Tenemos, por tanto, la deuda como factor externo coagulante, pero en lo más hondo parece que hay una necesidad de articulación nacional que pide un lenguaje mágico como respuesta a un presente inmanejable. A lo mejor el empobrecimiento causado por la deuda está en la base, y no lo sabíamos, del boom de la literatura hispanoamericana. Fidel Castro no ganaría hoy probablemente unas elecciones libres en ningún país de la América Latina fuera de Cuba, pero su palabra, su dominio de los recursos del actor-político llenan un vacío para la imaginación. No hay dos líderes mundiales que en eso hayan tenido una concepción más parecida de su cargo que Castro y Reagan; otra cosa sería determinar para qué fines movilizan esa concepción.

El líder cubano es un antiguo dinosaurio de la revolución, como Reagan lo ha sido de la reconstrucción conservadora. Castro seguramente es, como dice Octavio Paz, un personaje arcaico, pero con el carácter de incunable, de archivo precioso de otra época que a lo mejor un día es oportuno rescatar, no para que gobierne o revolucione América Latina, sino para que exprese retóricamente una capacidad de rebeldía. Ese Castro necesario, recuperable porque ya no se nos aparece como una verdadera amenaza, es el que ha barrido en los escenarios del show-business político venezolano.
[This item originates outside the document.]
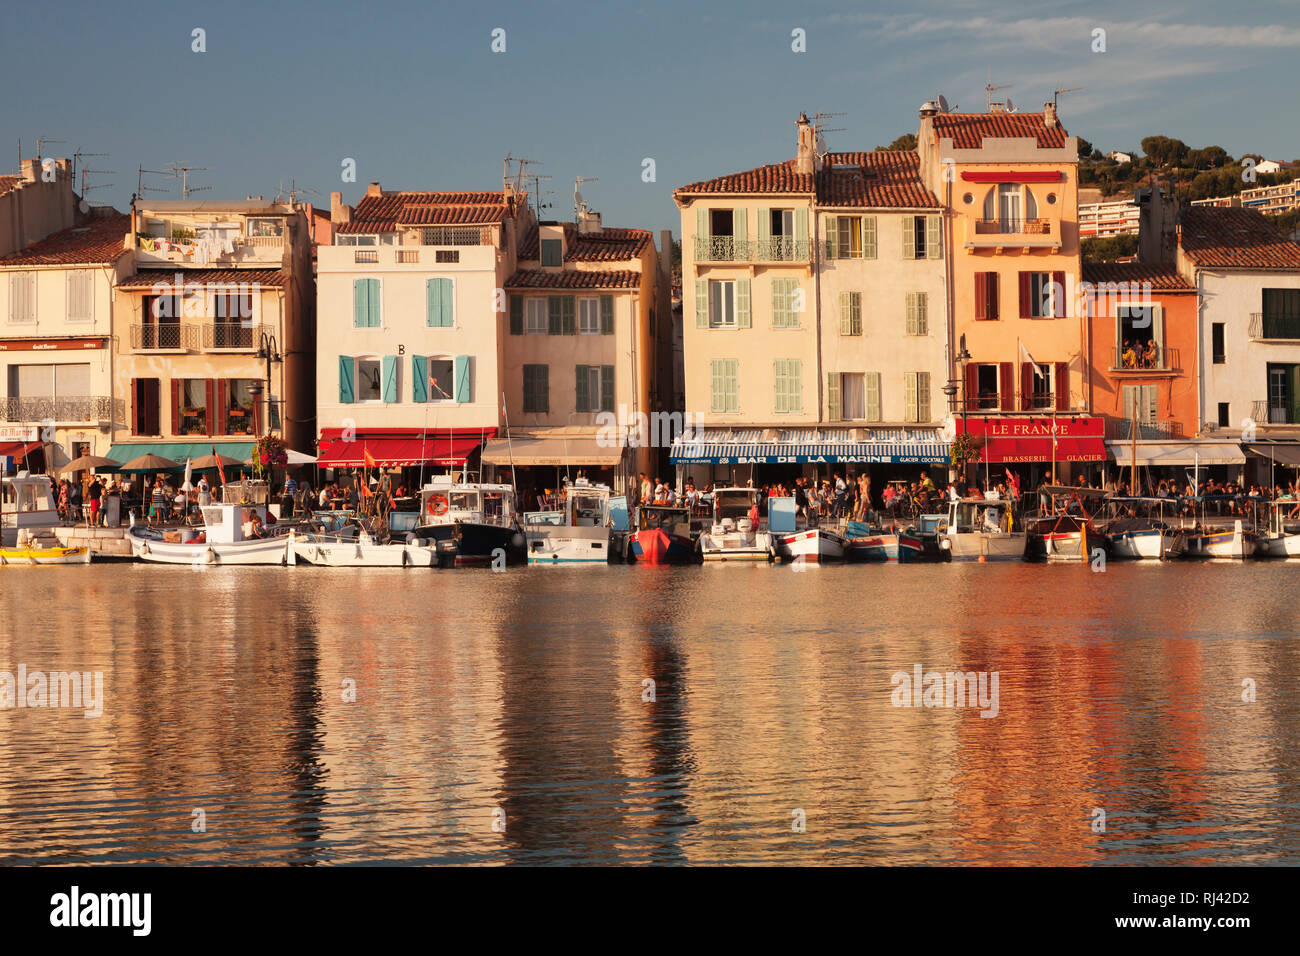 Fischerboote im Hafen, ristoranti an der Hafenpromenade, Cassis, Provenza, Provence-Alpes-Côte d'Azur, Südfrankreich, Frankreich Foto Stock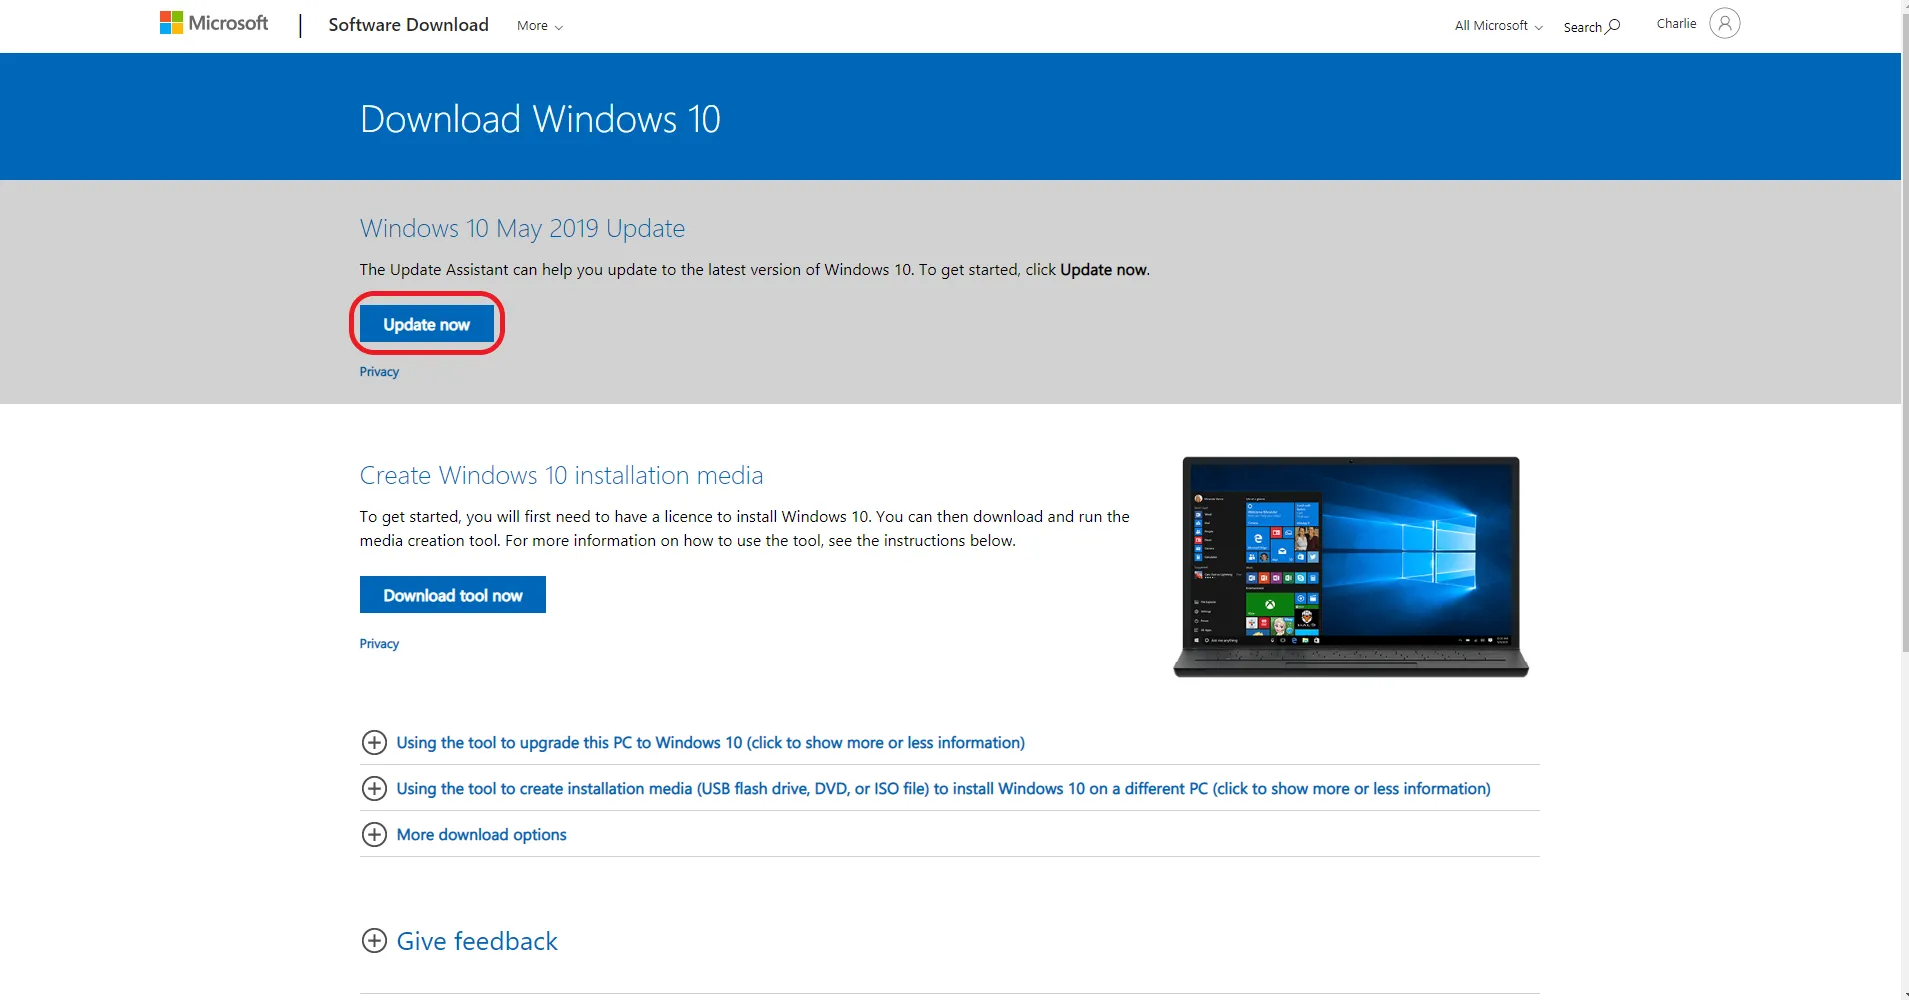 Windows 10 Update Assistant Error

Carlos Andrés Pérez, veterano rutero de las combinaciones exteriores, tiene entre manos una versión caribeña del Gran Juego que apunta a una solución universal del problema centroamericano con una paulatina reintegración de la Cuba castrista al juego político de la zona. El propio presidente venezolano así lo admitió en la rueda de prensa inaugural de su mandato a un enviado de EL PAÍS, aunque abarrotando de cauciones, reservas, y declaraciones contrarias a la naturaleza del régimen cubano, "tan distinto del nuestro", el propósito fundamental de que sin Cuba la negociación centroamericana padece de cojera terminal.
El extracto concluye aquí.